**Recorded information:**
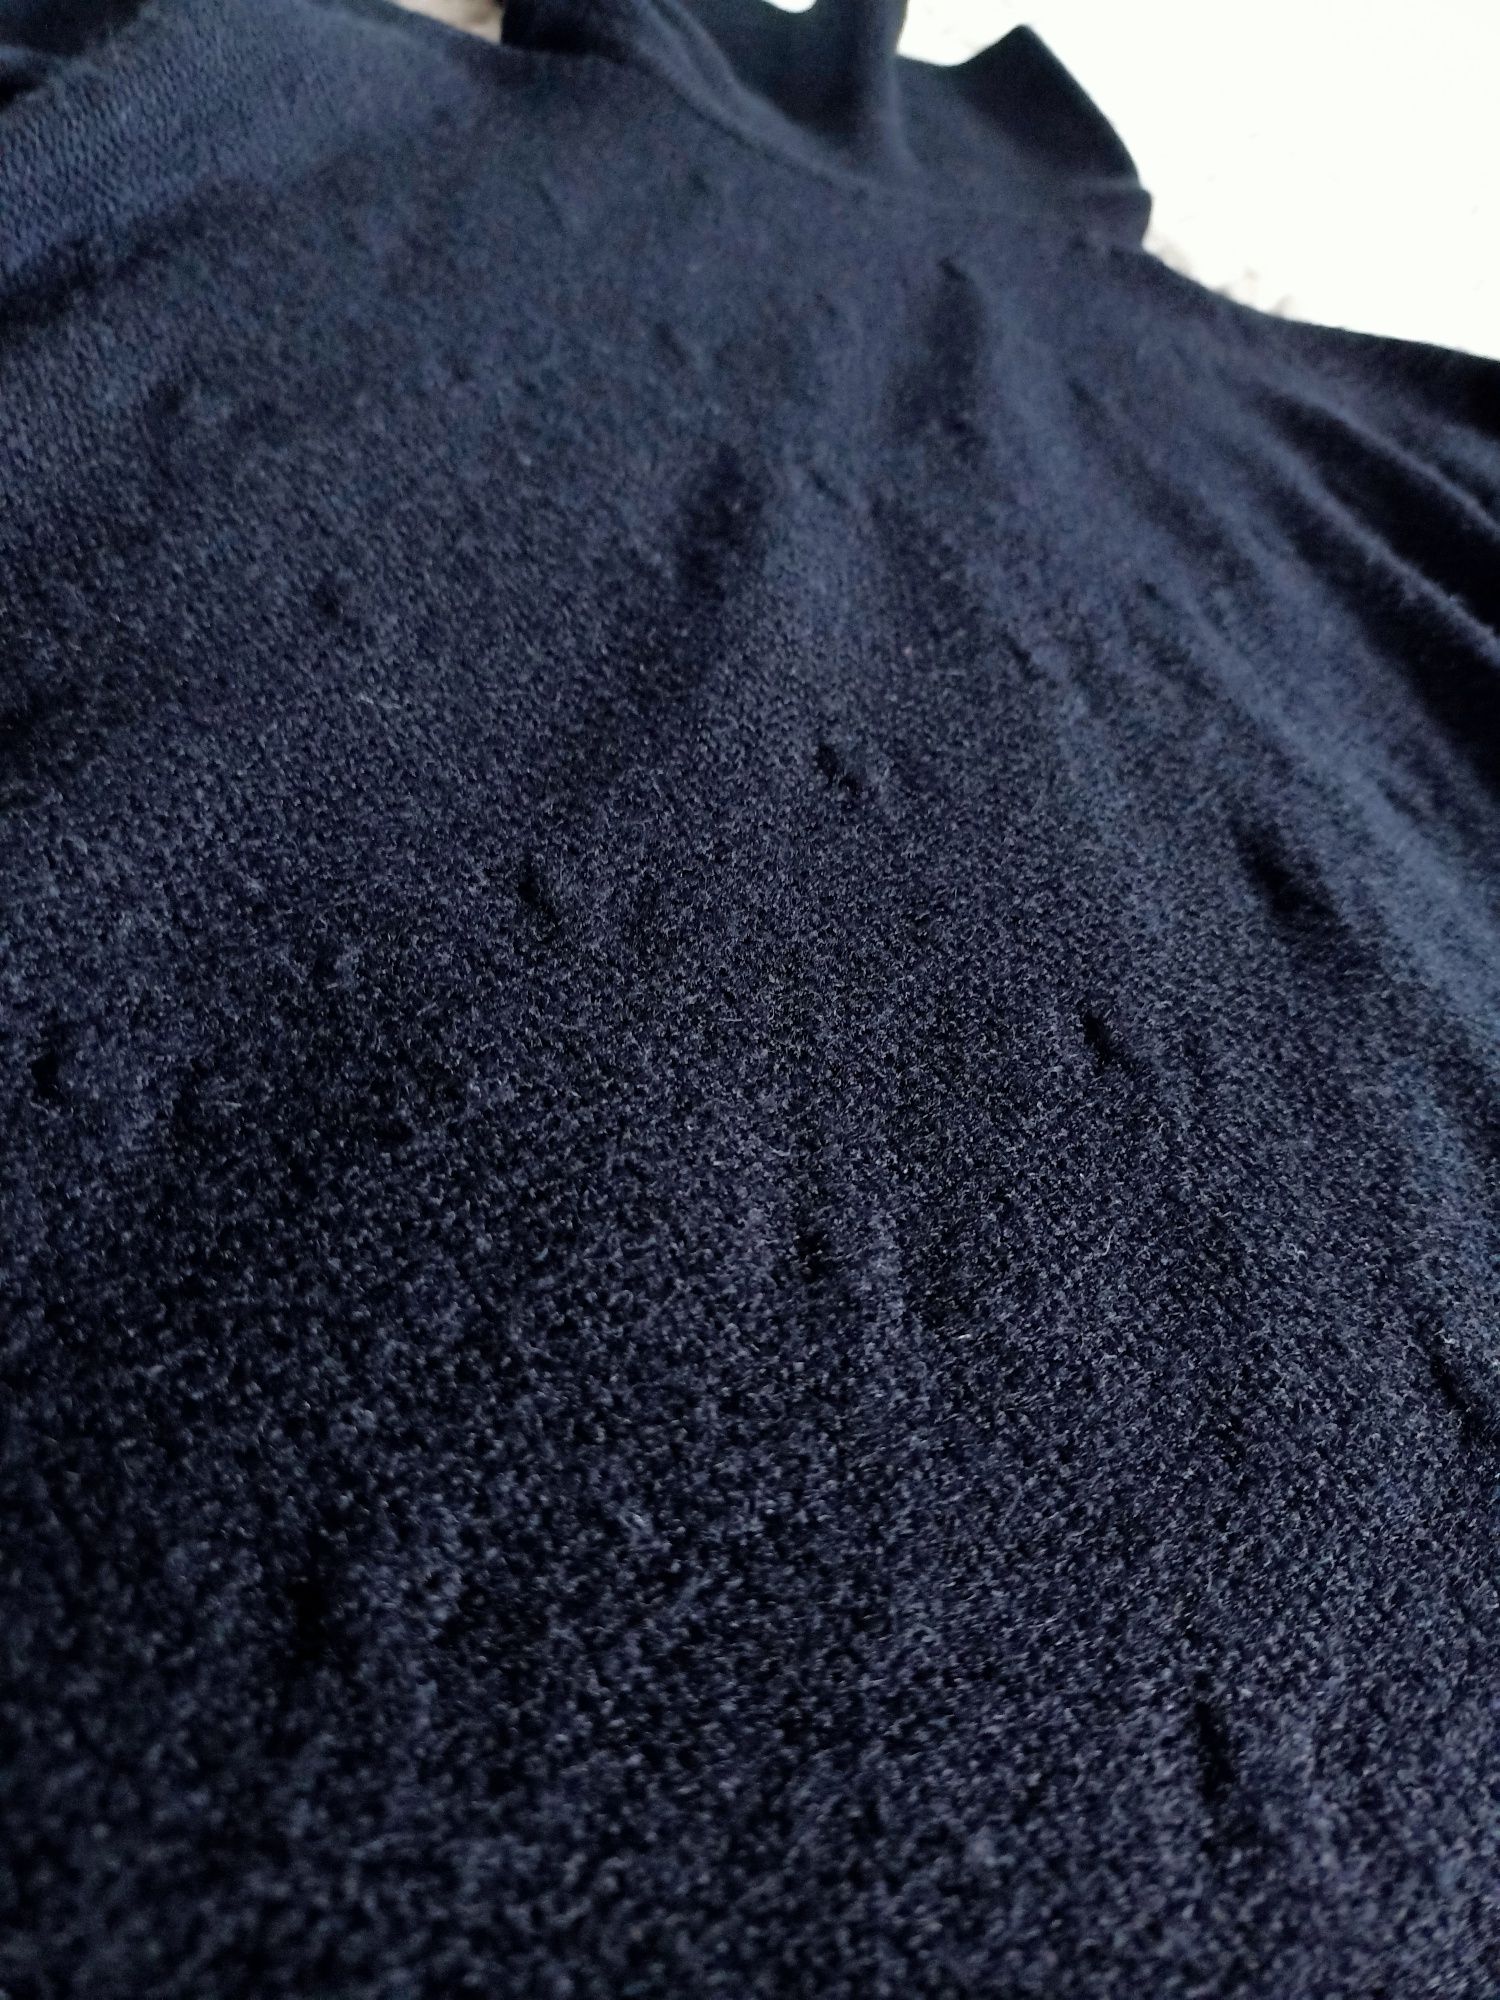 Czarny dłuższy sweter/golf, S/M
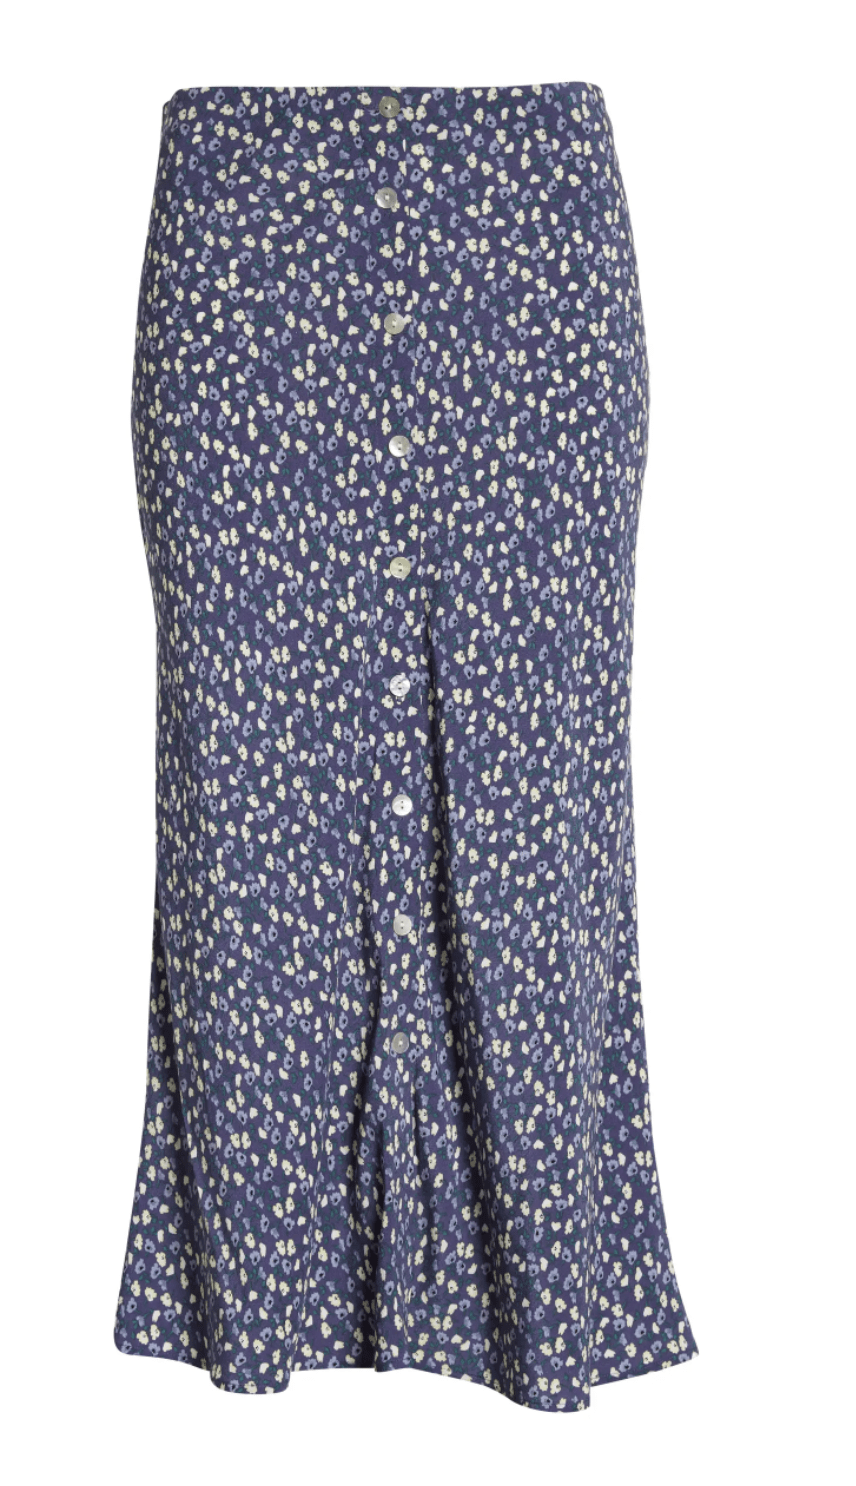 long blue floral patterned skirt
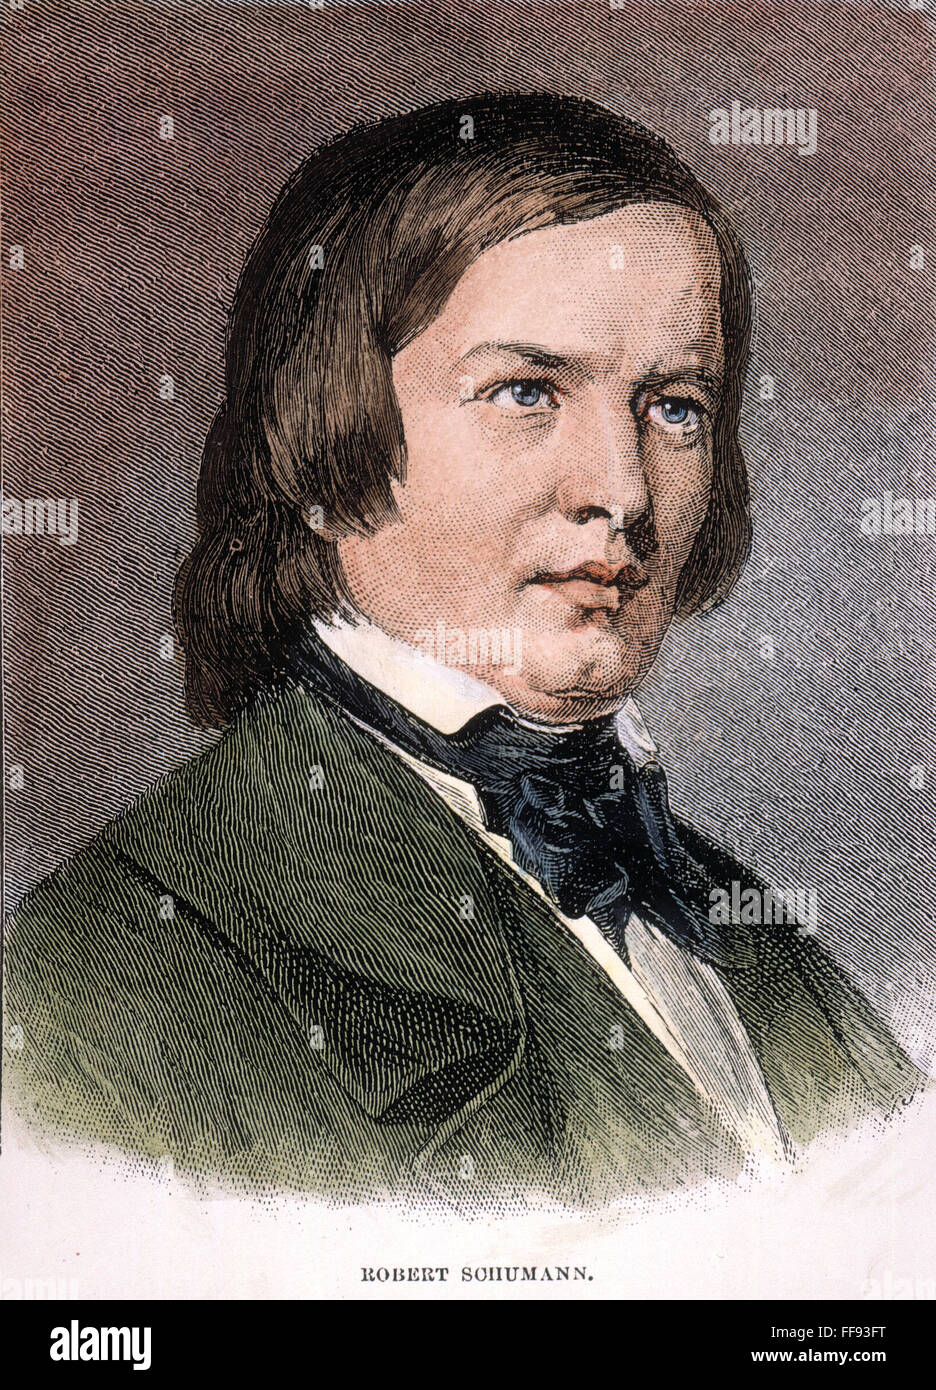 ROBERT SCHUMANN /n(1810-1856). Compositeur allemand. La gravure sur bois, cuisine américaine, 19e siècle. Banque D'Images
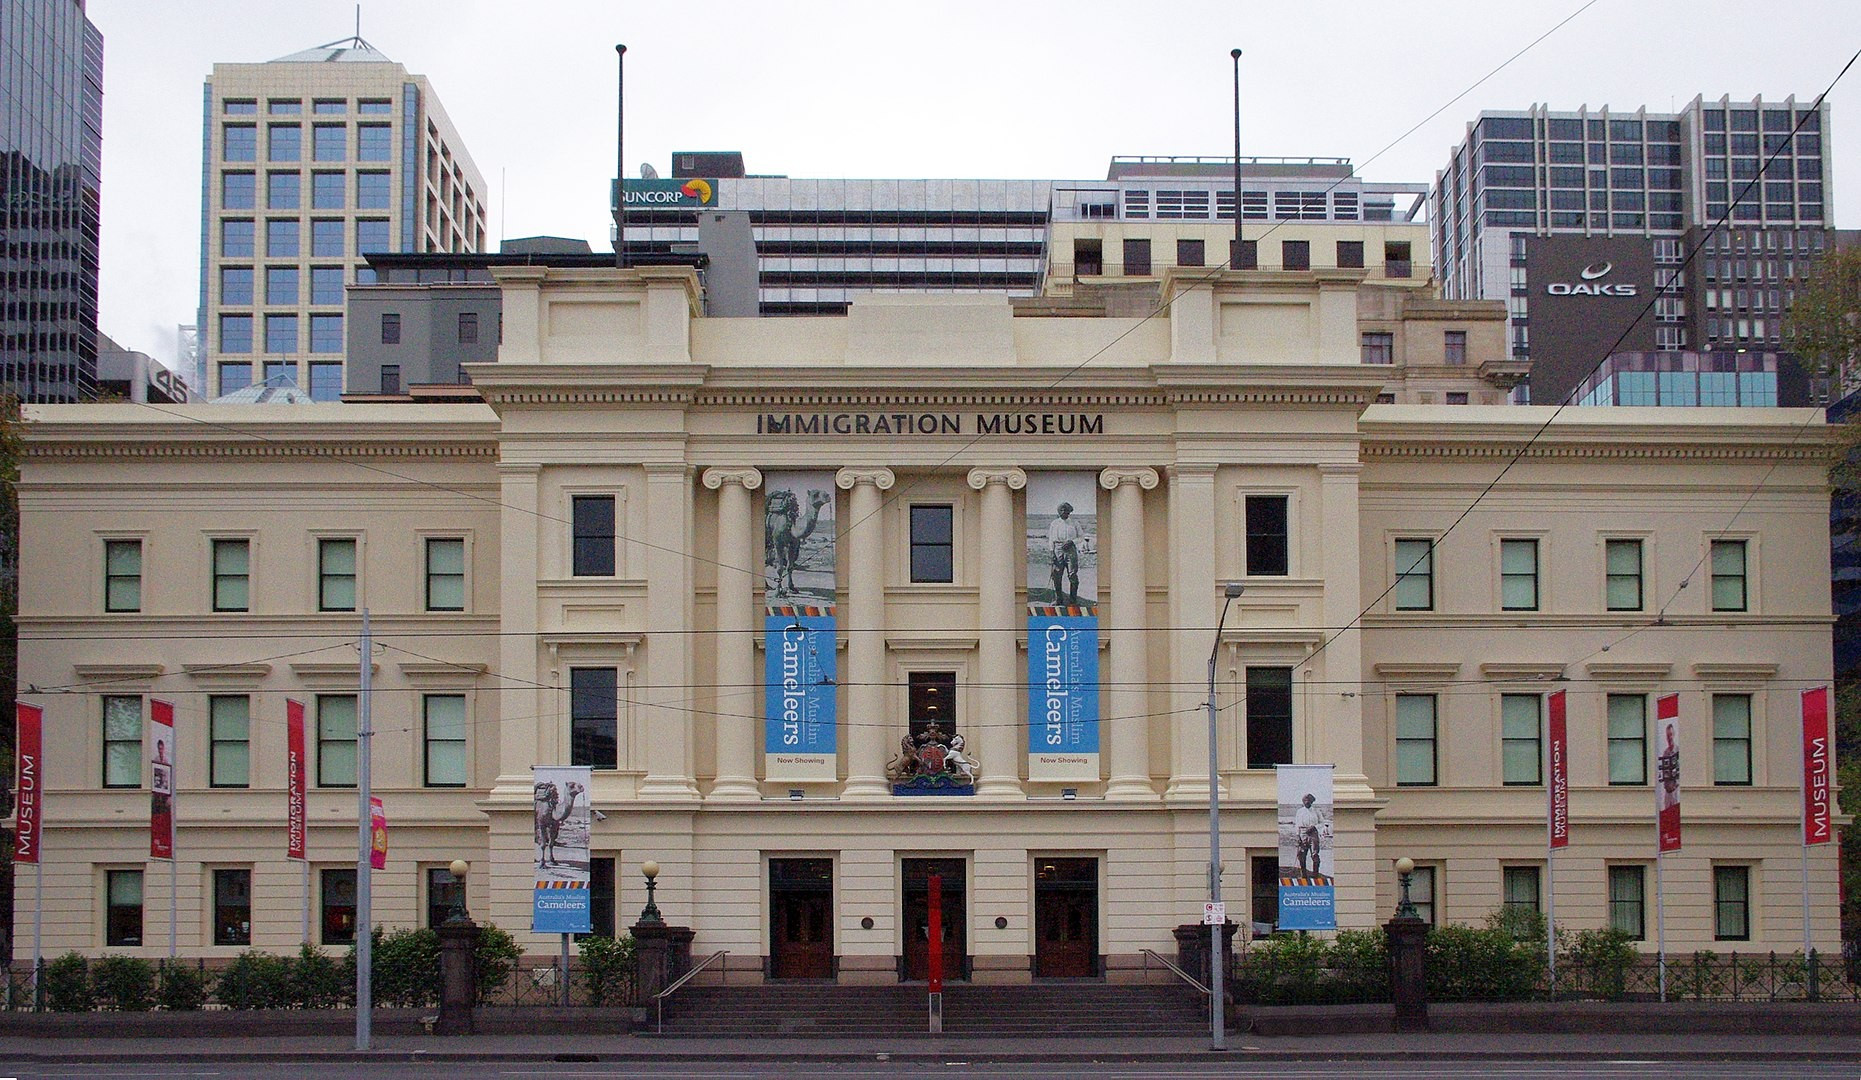 Immigration Museum, Australia

**Your assignment:** The whole listing should be reproduced exactly. Images don't go in.

**Answer to this task:**
 Czarny dłuższy sweter/golf, S/M
 long blue floral patterned skirt
 ROBERT SCHUMANN /n(1810-1856). Compositeur allemand. La gravure sur bois, cuisine américaine, 19e siècle. Banque D'Images
 Immigration Museum, Australia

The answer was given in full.